Using any form of hashing is really pointless here, since even nearly-identical images will give very distinct hash values. As was pointed in the comments, two "duplicate" images can be slightest different (think for example the effects caused by JPEG compression), so the interest is in detecting nearly-duplicated images. Also, as was pointed in the comments, considering only images of same width is a first step to reduce your quadratic number of comparisons. If all the images are of same width, there is no improvement.
The first problem you have to solve is discarding the bottom box of nearly-identical images with different heights. Why is this box there ? Is it an uniform background color ? Preprocess your images to remove such bottom boxes, if it is problematic to do so, explain why. I will consider that these boxes have been removed from now on.
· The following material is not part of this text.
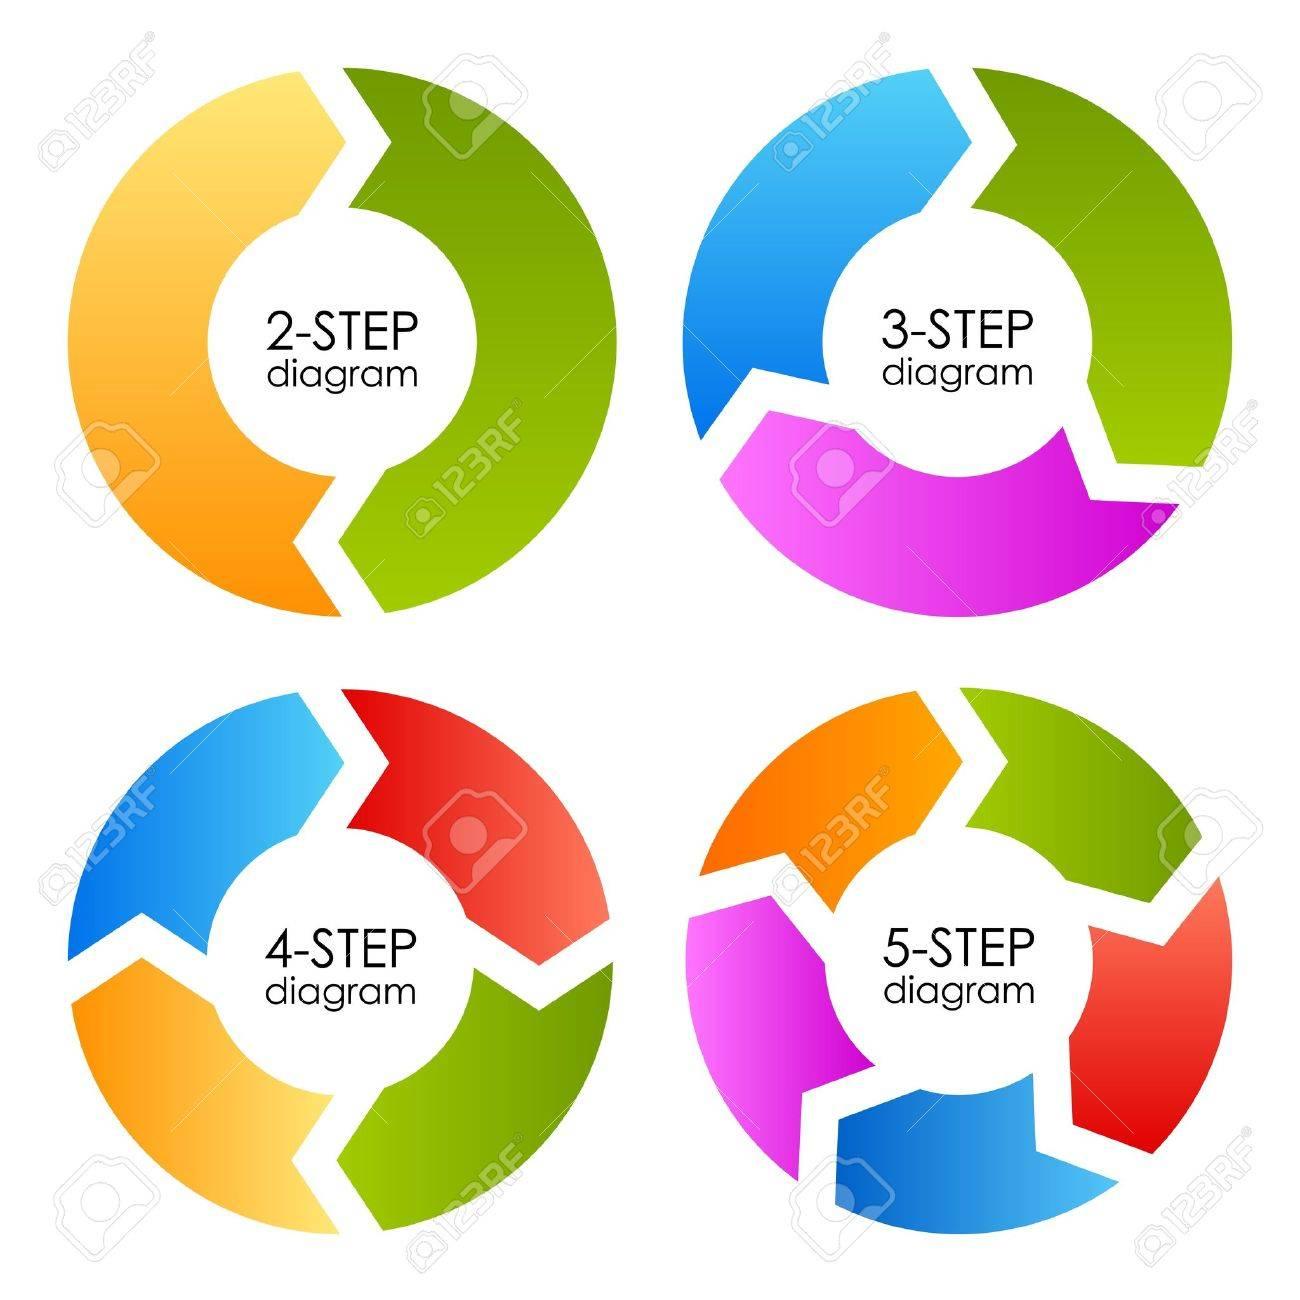 Process cycling arrow by arrow royalty free stock images image - Process Arrows Cycle Process Diagrams Set Vector Illustration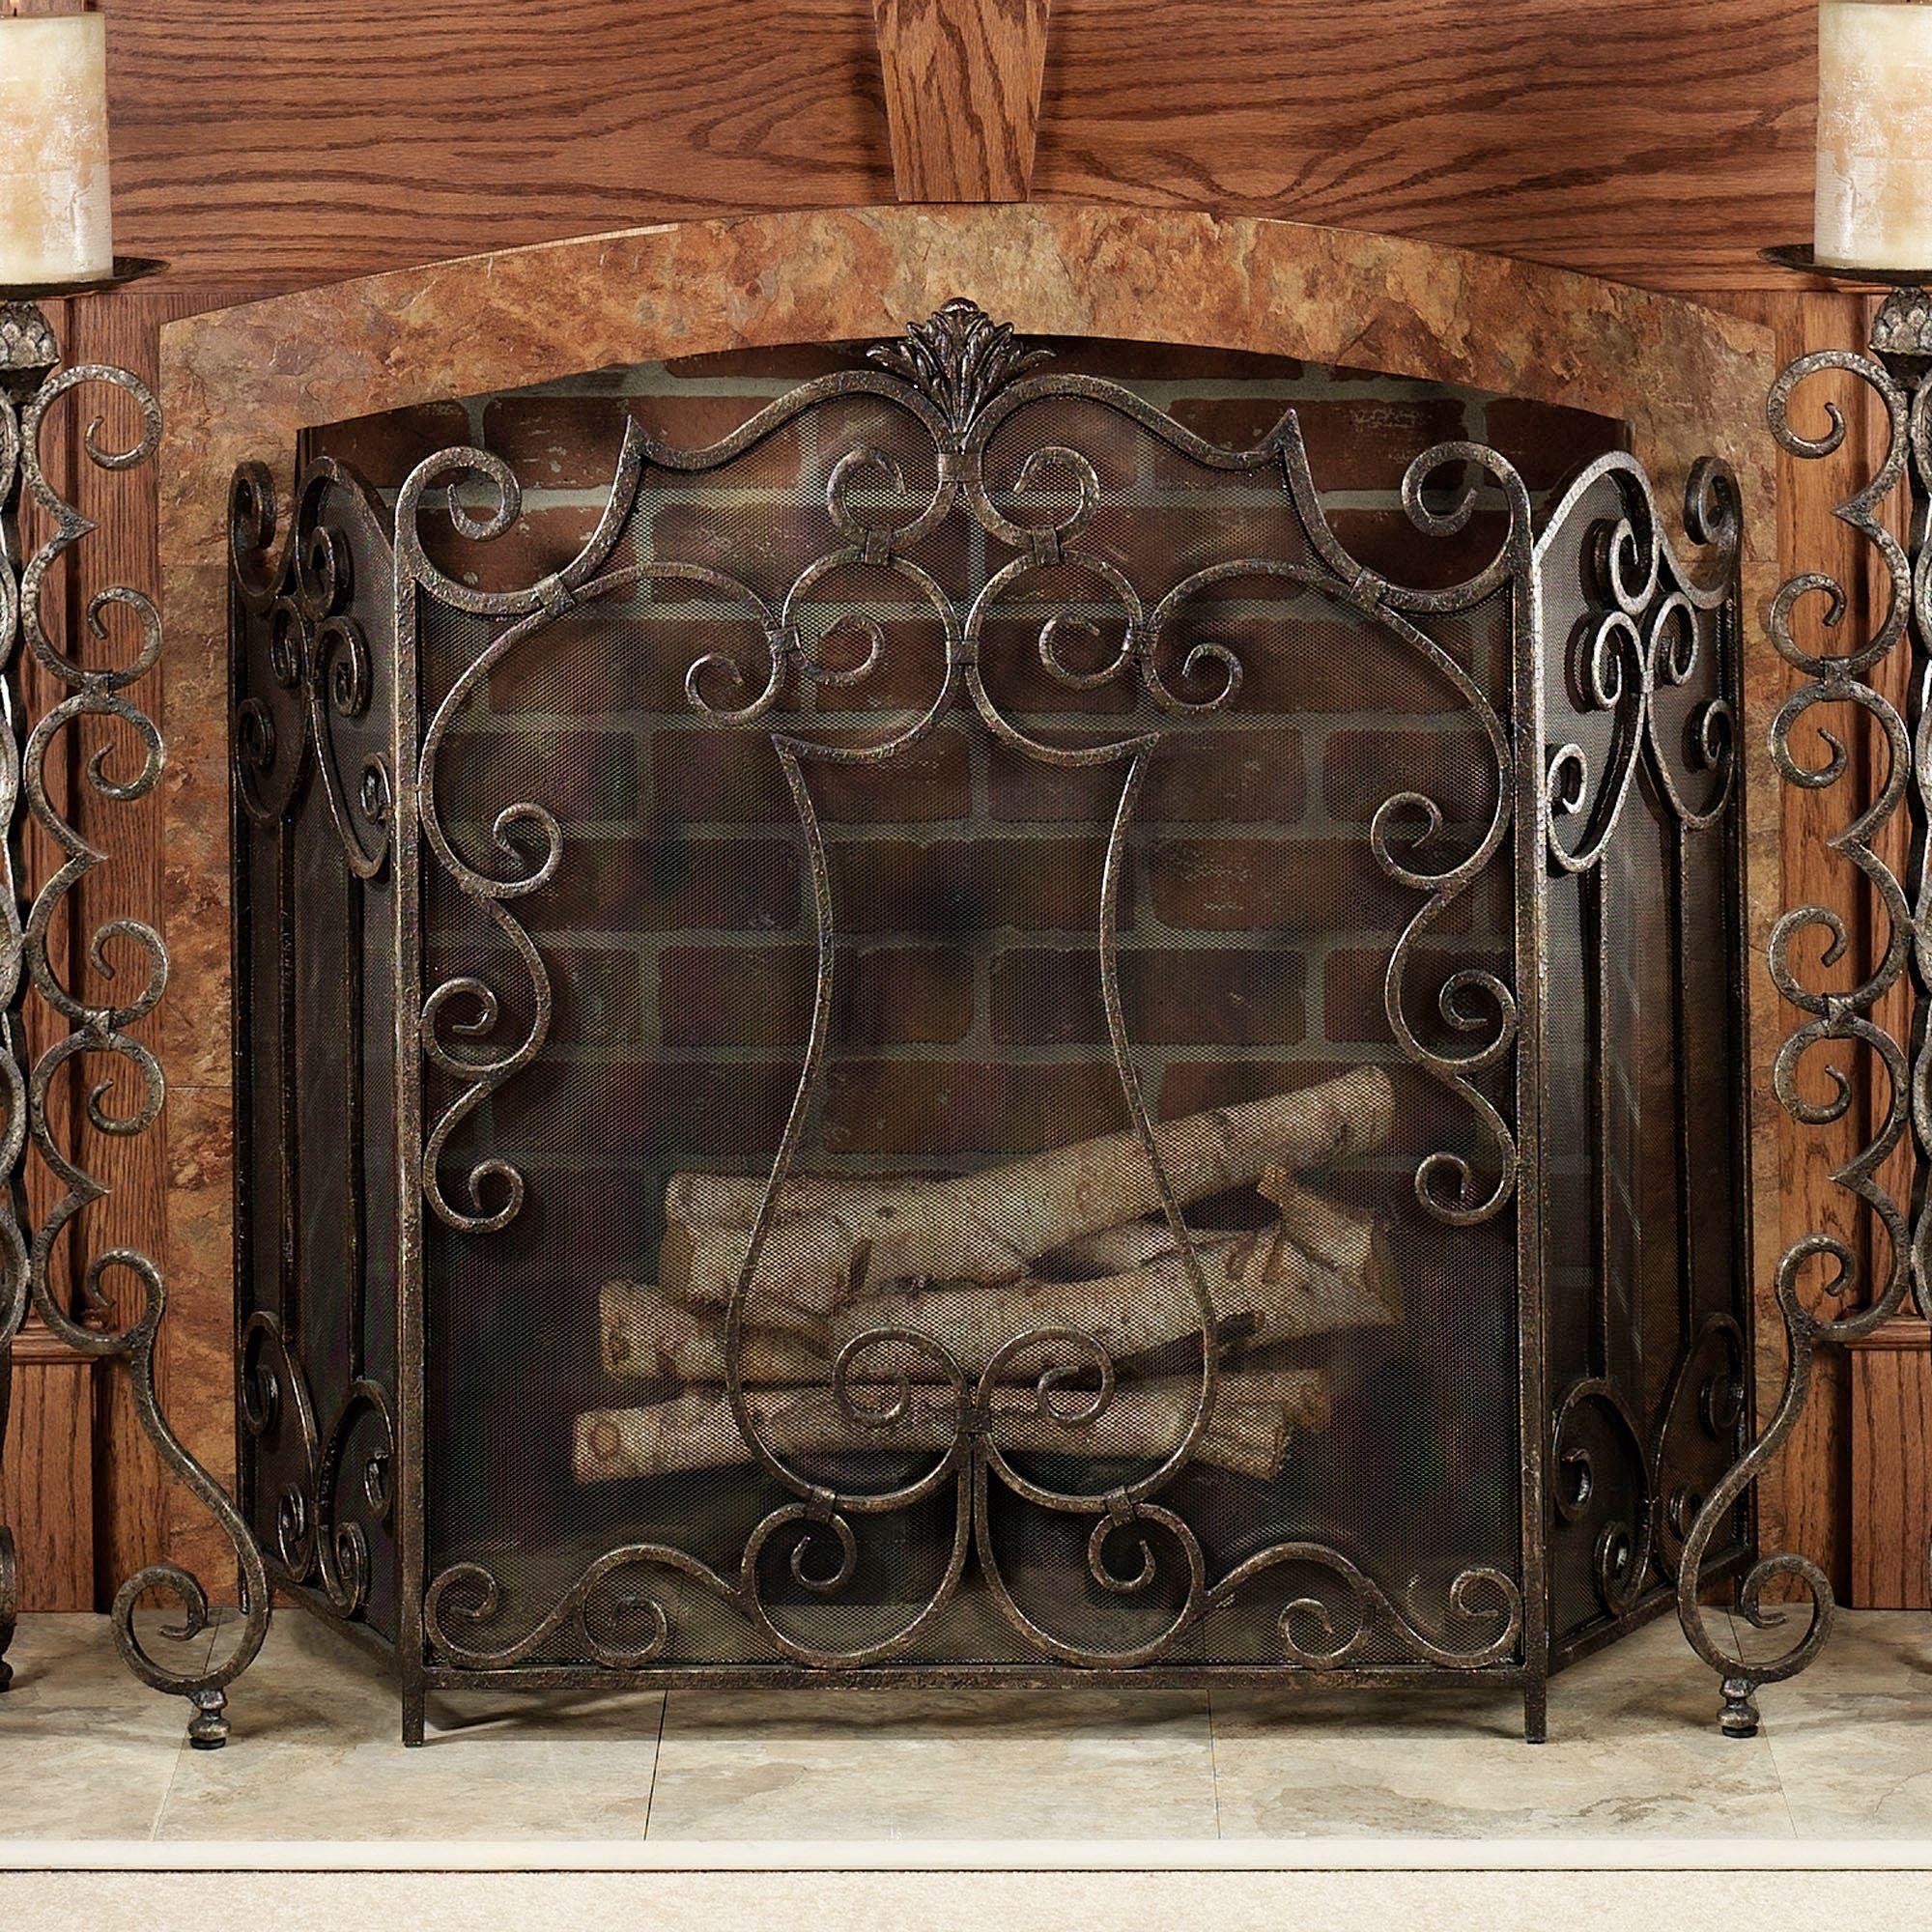 Belleville Fireplace Screen Decorative Fireplace Screens Fireplace Screens Fireplace Screen

The SSIM (Structural SIMilarity) may be a good approach for detecting your nearly-duplicates, but it has no chance to be faster than a simpler algorithm such as the NRMSE described at Comparing image in url to image in filesystem in python. So, a way to possibly speed up the process (although in nature it remains quadratic) is to first convert a given image to grayscale and only consider a small central window from it, like 50x50. Apply a gaussian filter on this central window, so minor structures (noise, for example) are mostly suppressed. Since you have quite a few images to compare against, I would apply a rough binarization in this smoothed central window in the form of: if a value v
is greater than half of the maximum value possible, then turn it into white, otherwise turn it into black. Now you have 2500 bits for each image. The next step could be the following: calculate the hamming distance from these 2500 bits to a common bit pattern, 2500 bits 1 would work here. Repeat this process for all your images. For each image you have a hamming distance.
Now let us find the nearly identical images. First, consider binning the found hamming distances in k
distinct slots. So, all the images that fall in the same bin are further considered for comparison. This way, if a image a
lands in bin k_i
and image b
lands in bin k_j
, i != j
, we discard a
as being similar to b
. If there are too many images in the same bin, the process described above needs refinements and/or the interval for each bin needs to be reduced. To further speed up the process, consider first applying the NRMSE between all the images in the same bin, and only those that give a high value would be, at last, compared by SSIM.